**Problem to work on**. This exercise asks for an exact copy of the lines from the one containing "Postkaart Ternat Ternath" through the final line of the material, with pictures omitted.

**Source data**.
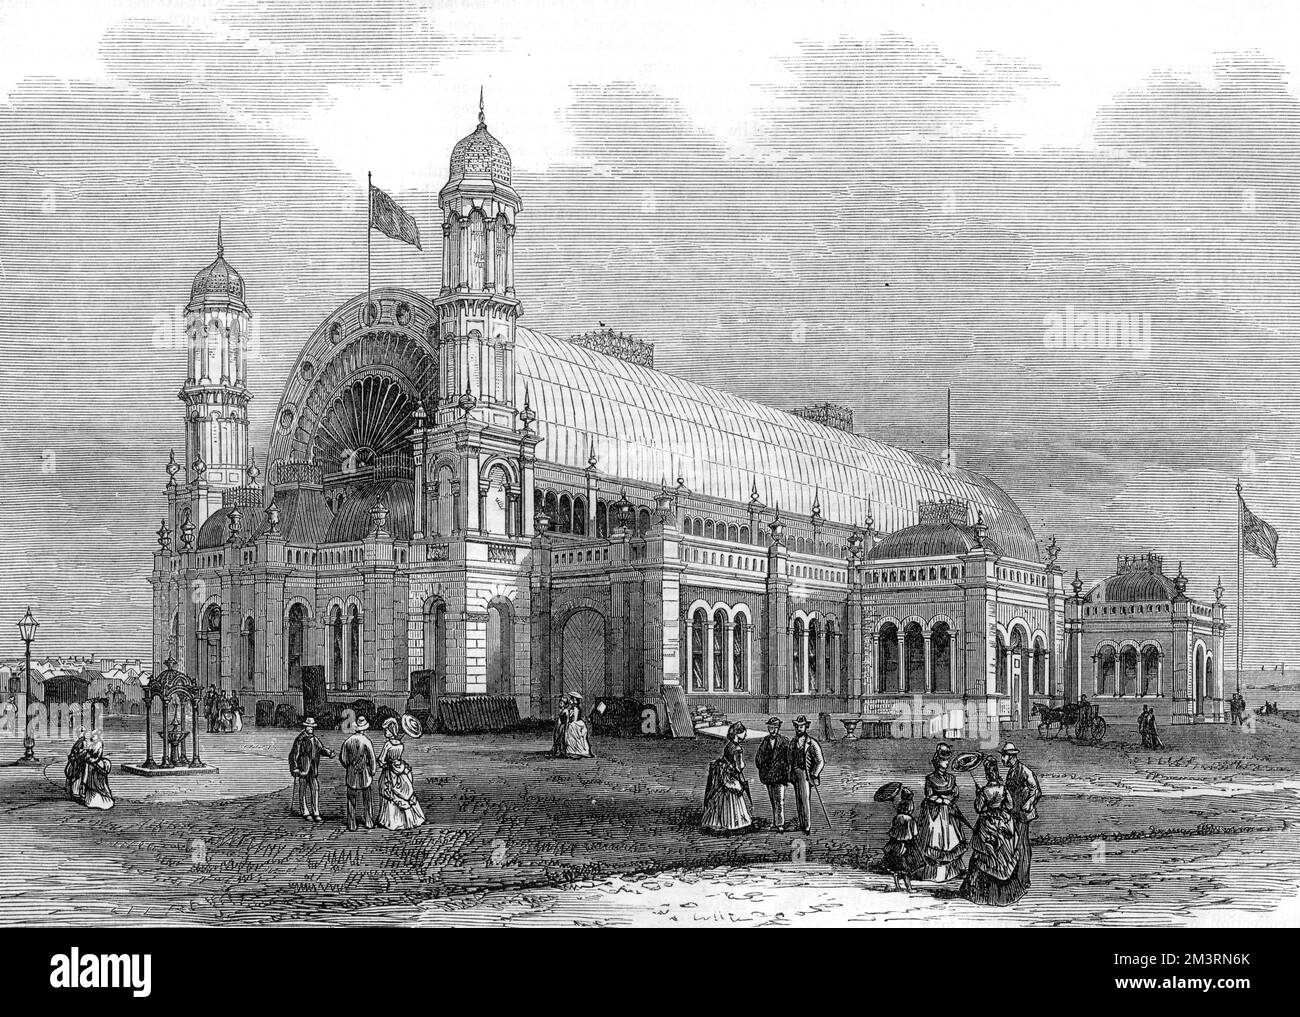 L'esterno del Sydney Exhibition Building, costruito nel Prince Alfred Park, Sydney, qui raffigurato nel 1872 all'epoca del New South Wales Agricultural Exhibition. Data: 1872 Foto Stock
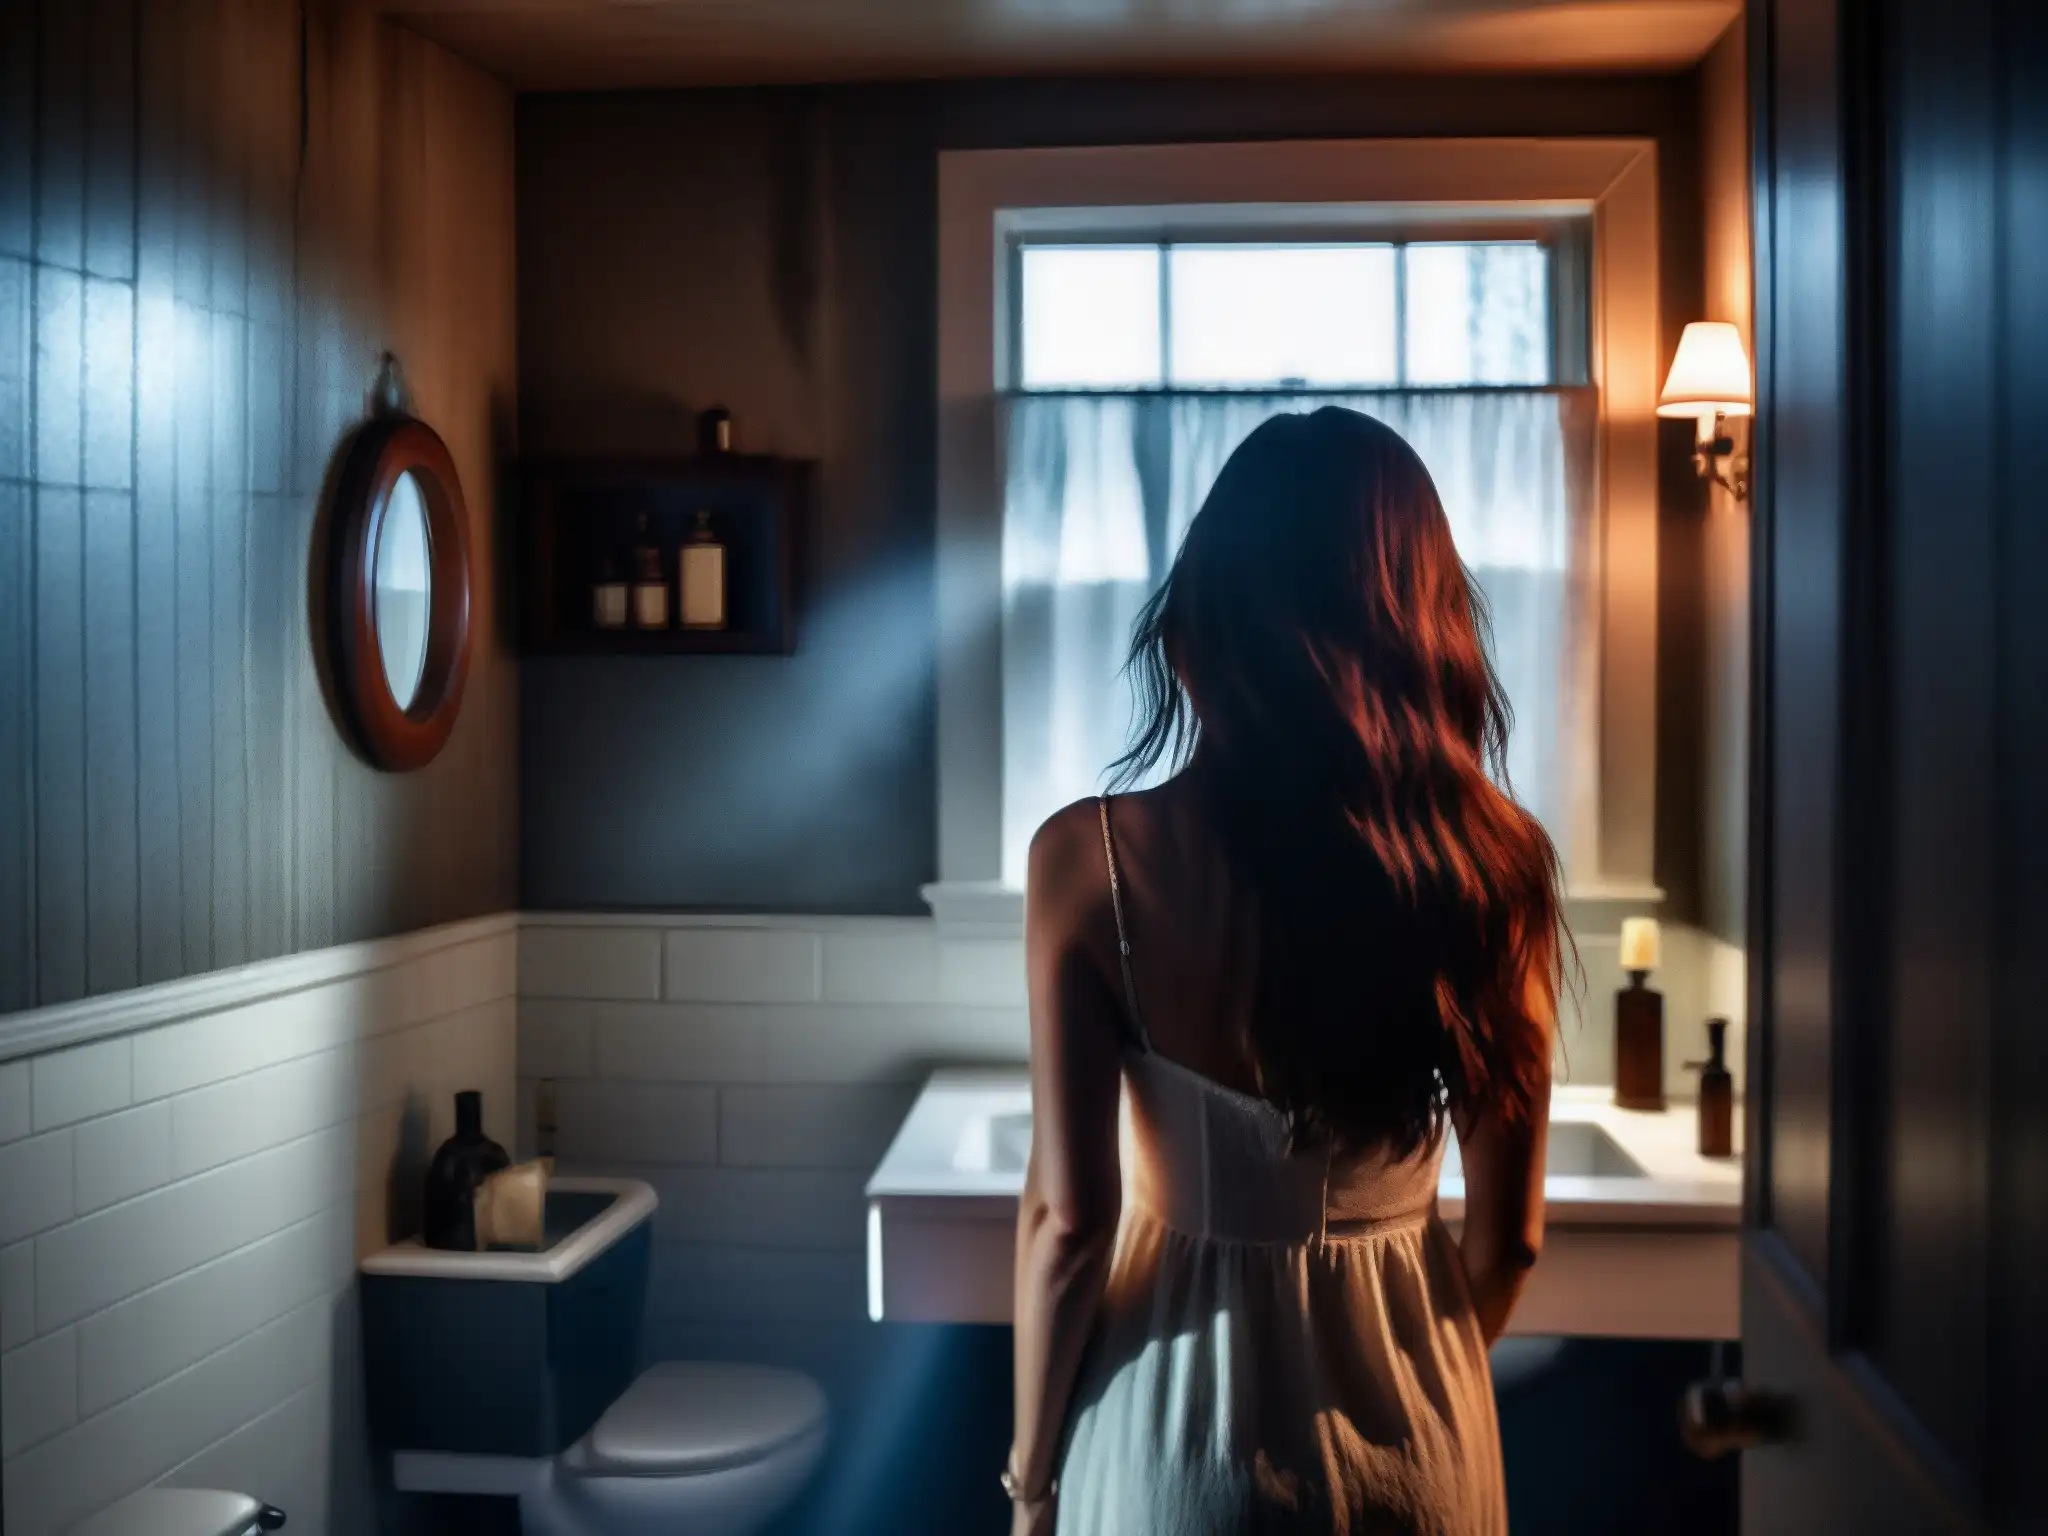 Reflejo fantasmal de una mujer en un baño lúgubre, capturando el origen histórico de Bloody Mary con una atmósfera sobrenatural
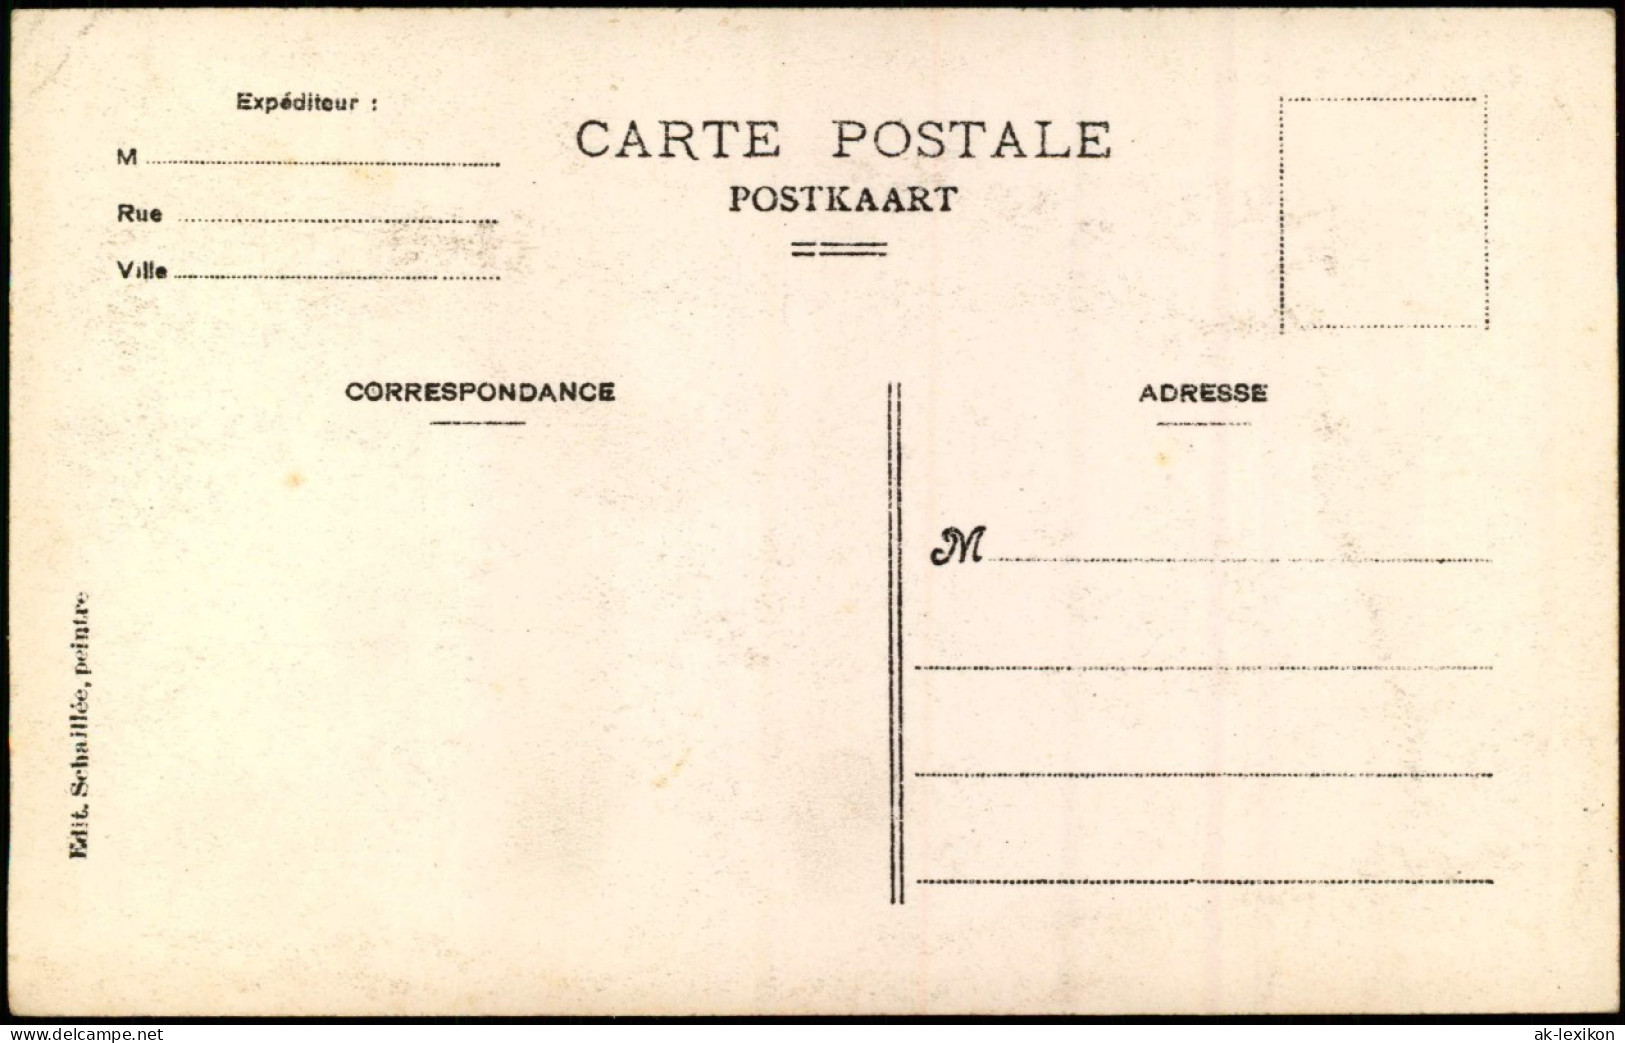 Postkaart Ternat Ternath Place De La Station. 1913 - Otros & Sin Clasificación
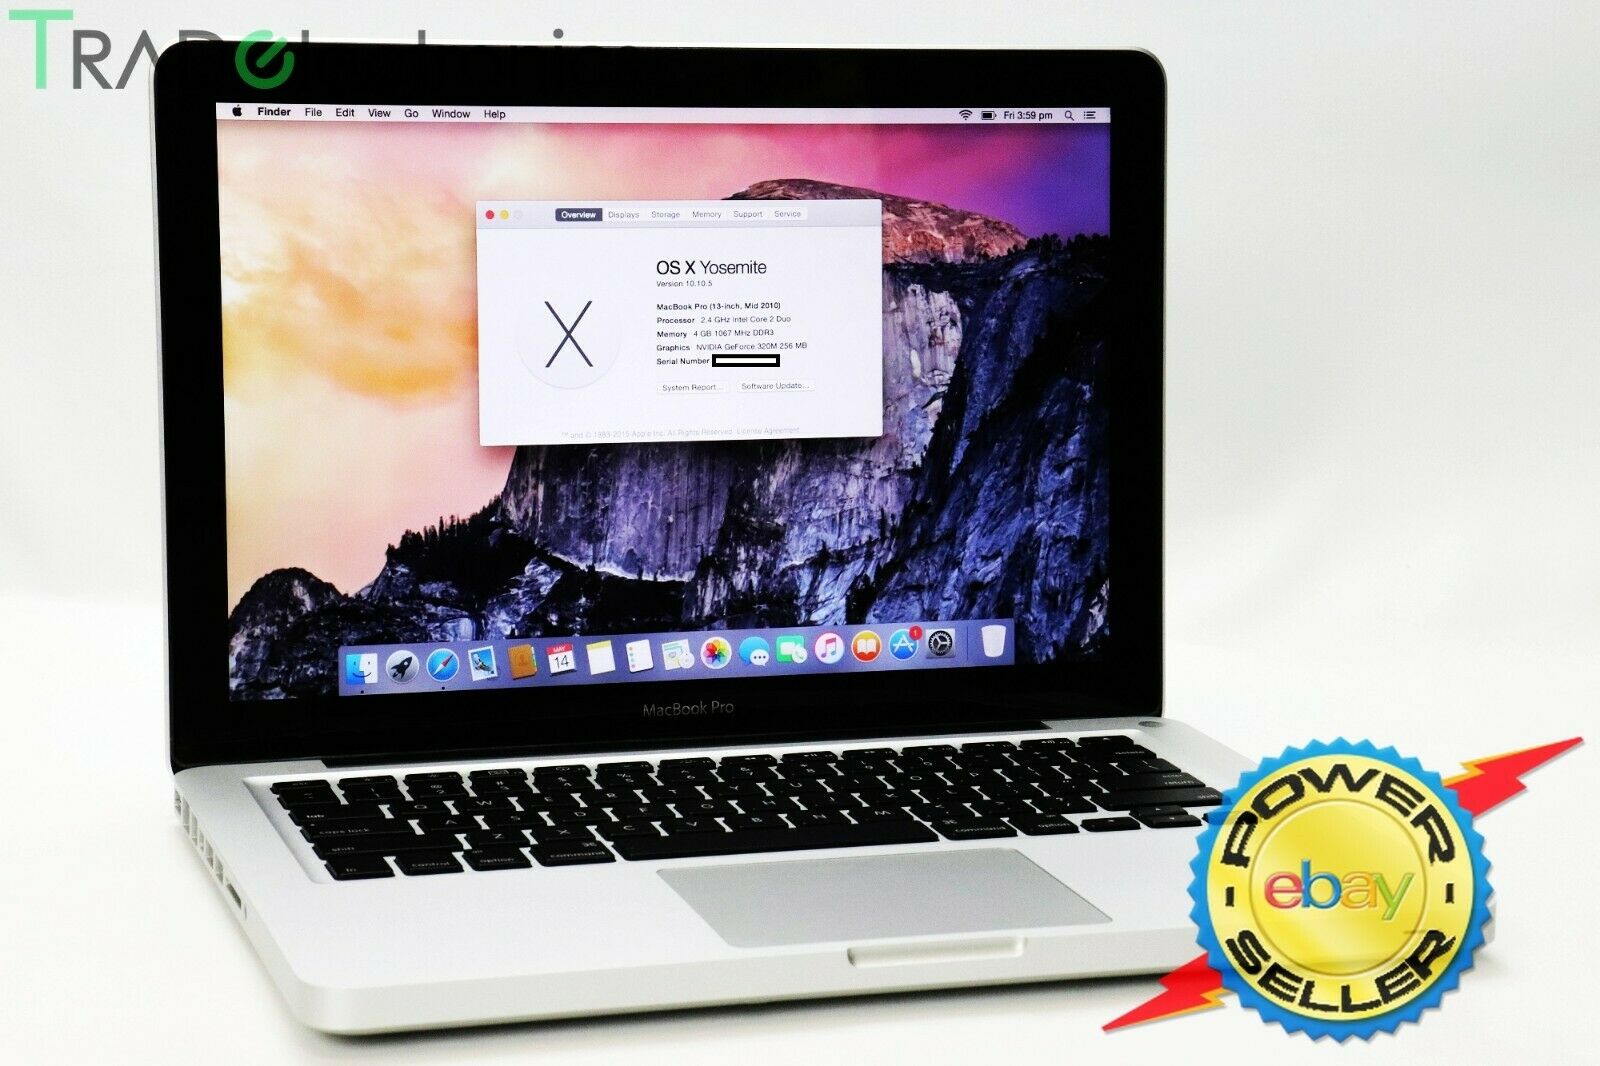 2010 Apple Macbook Pro 13

**Answer for this exercise**.
 Postkaart Ternat Ternath Place De La Station. 1913 - Otros & Sin Clasificación
 2010 Apple Macbook Pro 13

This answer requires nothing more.